In our (presumably) $3$-dimensional universe, gravity is inversely proportional to distance squared. In a circular orbit, the force of gravity must be equal and opposite to the 'centripetal force'. $\frac {GM_1M_2}{r^2} = \frac {M_2v^2}r$. This allows the velocity of a planet's orbit to be calculated from its radius: $v = \frac {\sqrt {GM_1}}r$.
The kinetic energy of the planet is $\frac {M_2v^2}2$, while the gravitational potential energy is $\frac {-GM_1M_2}r$. This means that $KE =- \frac {GPE}2$. The total energy, $KE + GPE$, is equal to $-KE$.

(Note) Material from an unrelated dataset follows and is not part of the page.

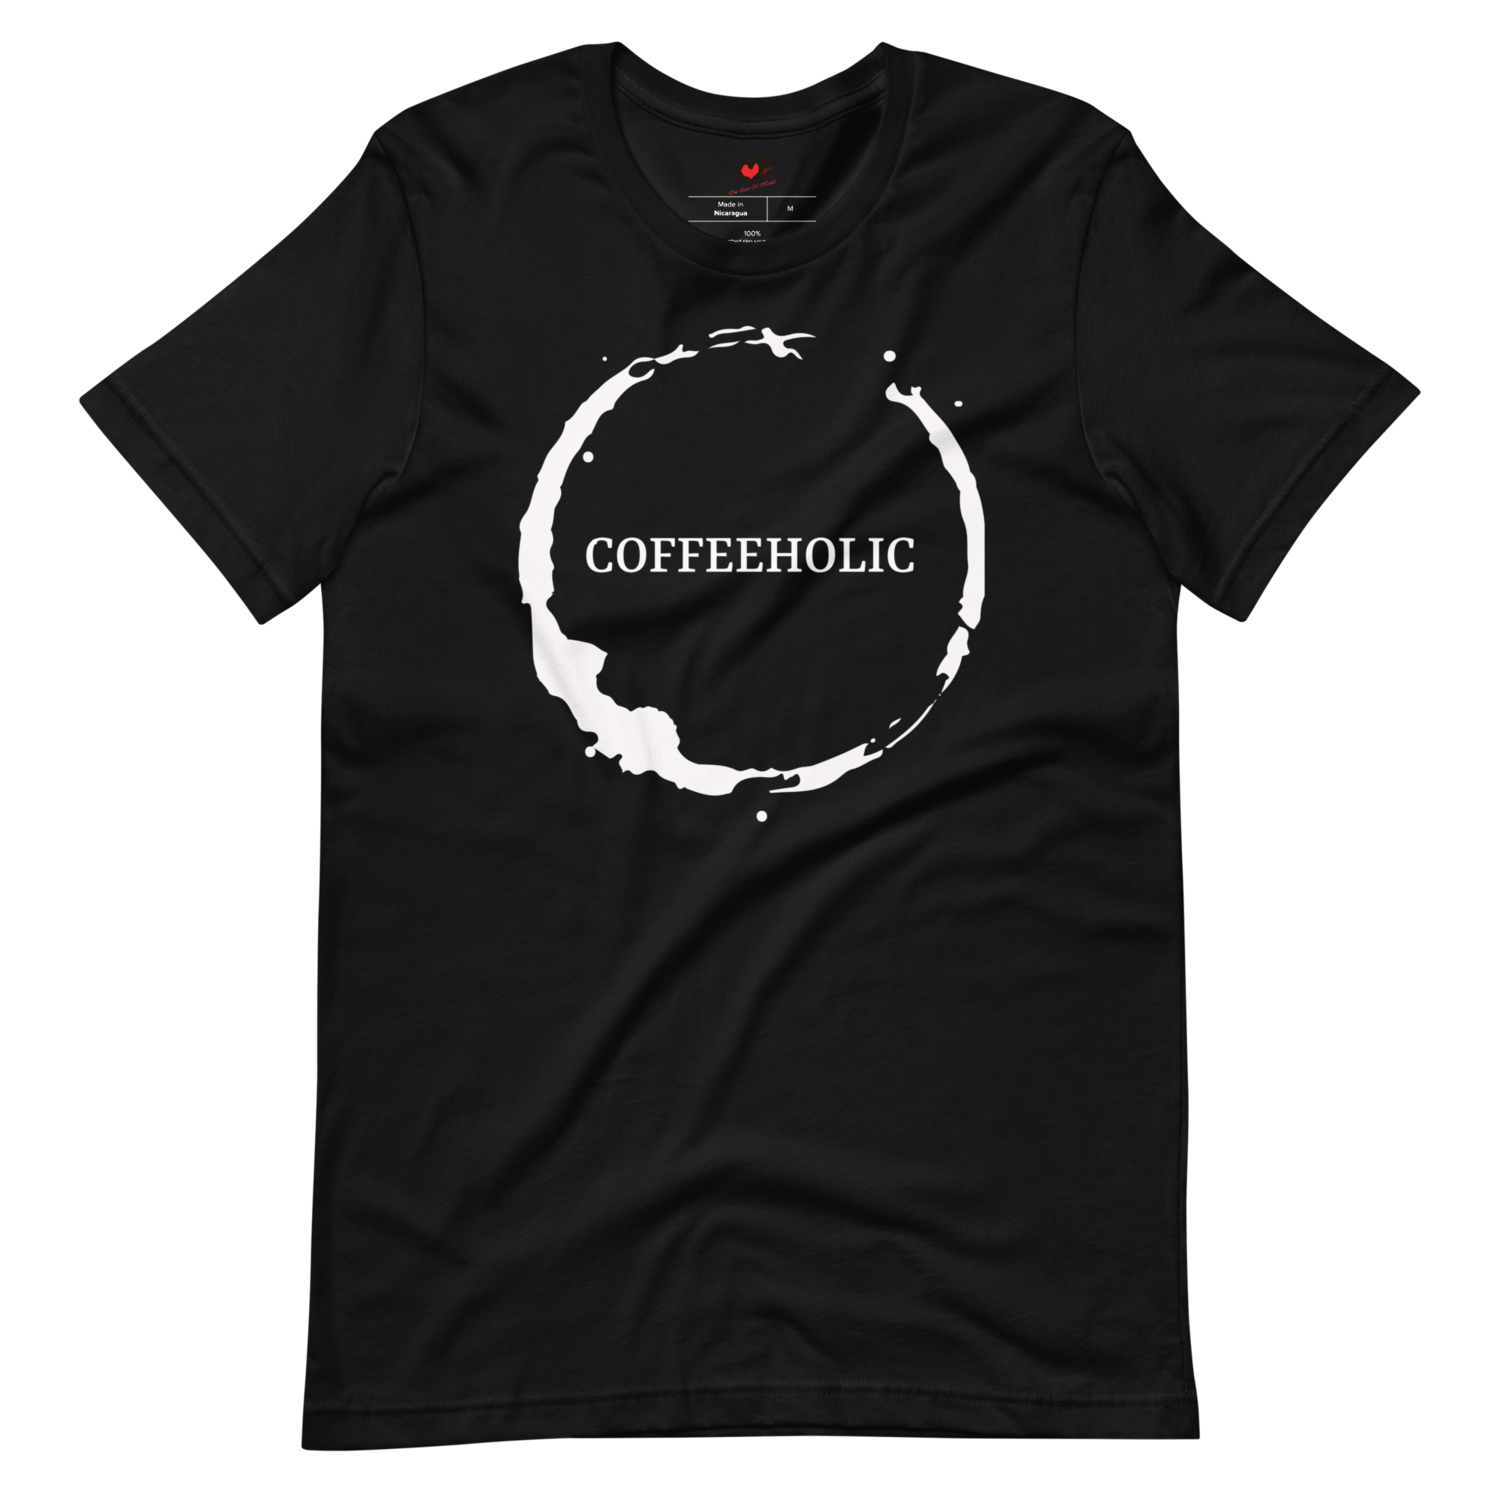 "Coffeeholic" Unisex Short-sleeved t-shirt

This means that the planetary orbit is a stable equilibria: adding some energy to the system means that the planet moves further away from the sun, increasing its total energy; while taking energy away from the system means the planet approaches the sun, but either way it finds a new equilibrium.
Consider the case in a $4$-dimensional universe, where, presumably, gravity follows an inverse cube law. The equations now become:
$\frac {GM_1M_2}{r^3} = \frac {M_2v^2}r$ [force of gravity equal and opposite to centripetal force]

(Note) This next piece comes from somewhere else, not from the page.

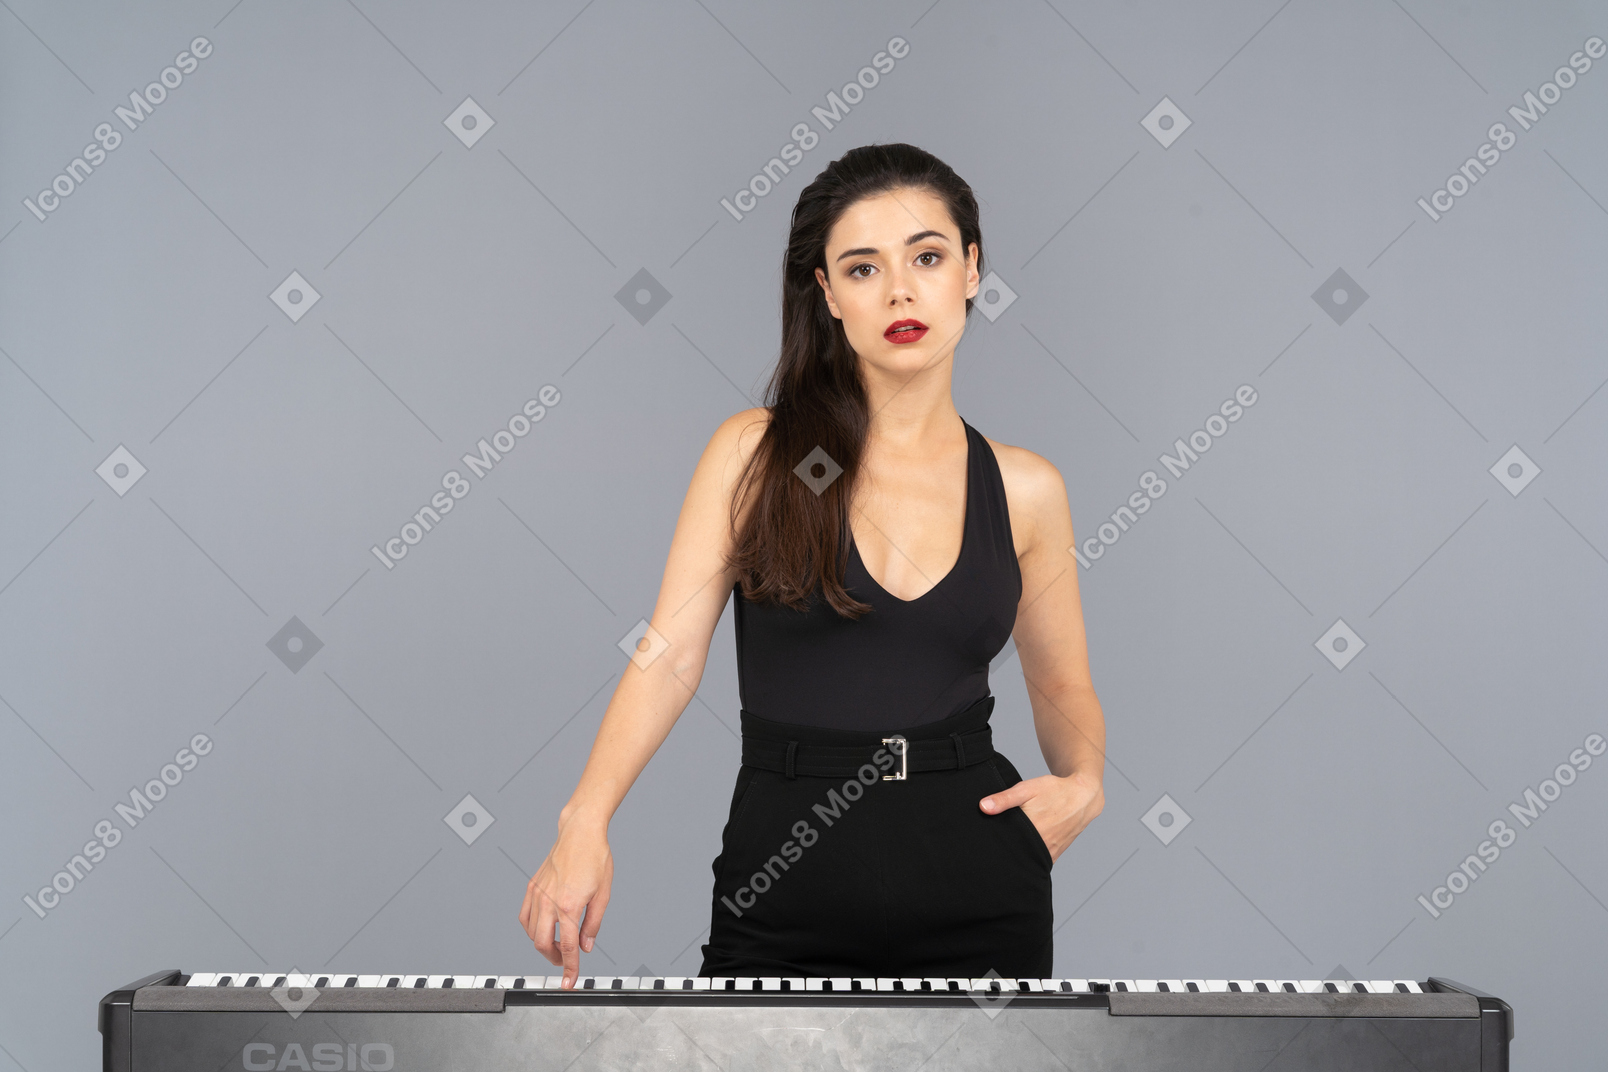 피아노의 키를 누르면 검은 드레스에 젊은 아가씨의 전면보기

$v = \frac {\sqrt {GM_1}}r$ [velocity is inversely proportional to radius]
$GPE = -\frac {GM_1M_2}{2r^2}$
Total Energy = $KE + GPE = \frac {M_2v^2}2 + \frac {GM_1M_2}{2r^2} = 0$
The Kinetic and Gravitational Potential energies are equal and opposite to each other. In other words, the only possible orbits have no net energy, such that the input or extraction of even a small amount of energy would destabilise the orbit, with the planet spiralling towards or away from the sun inexorably. This would make life as we know it impossible, as planets couldn't maintain stable orbits.
The question: are there some other number of dimensions the universe could have, which would also lead to stable orbits?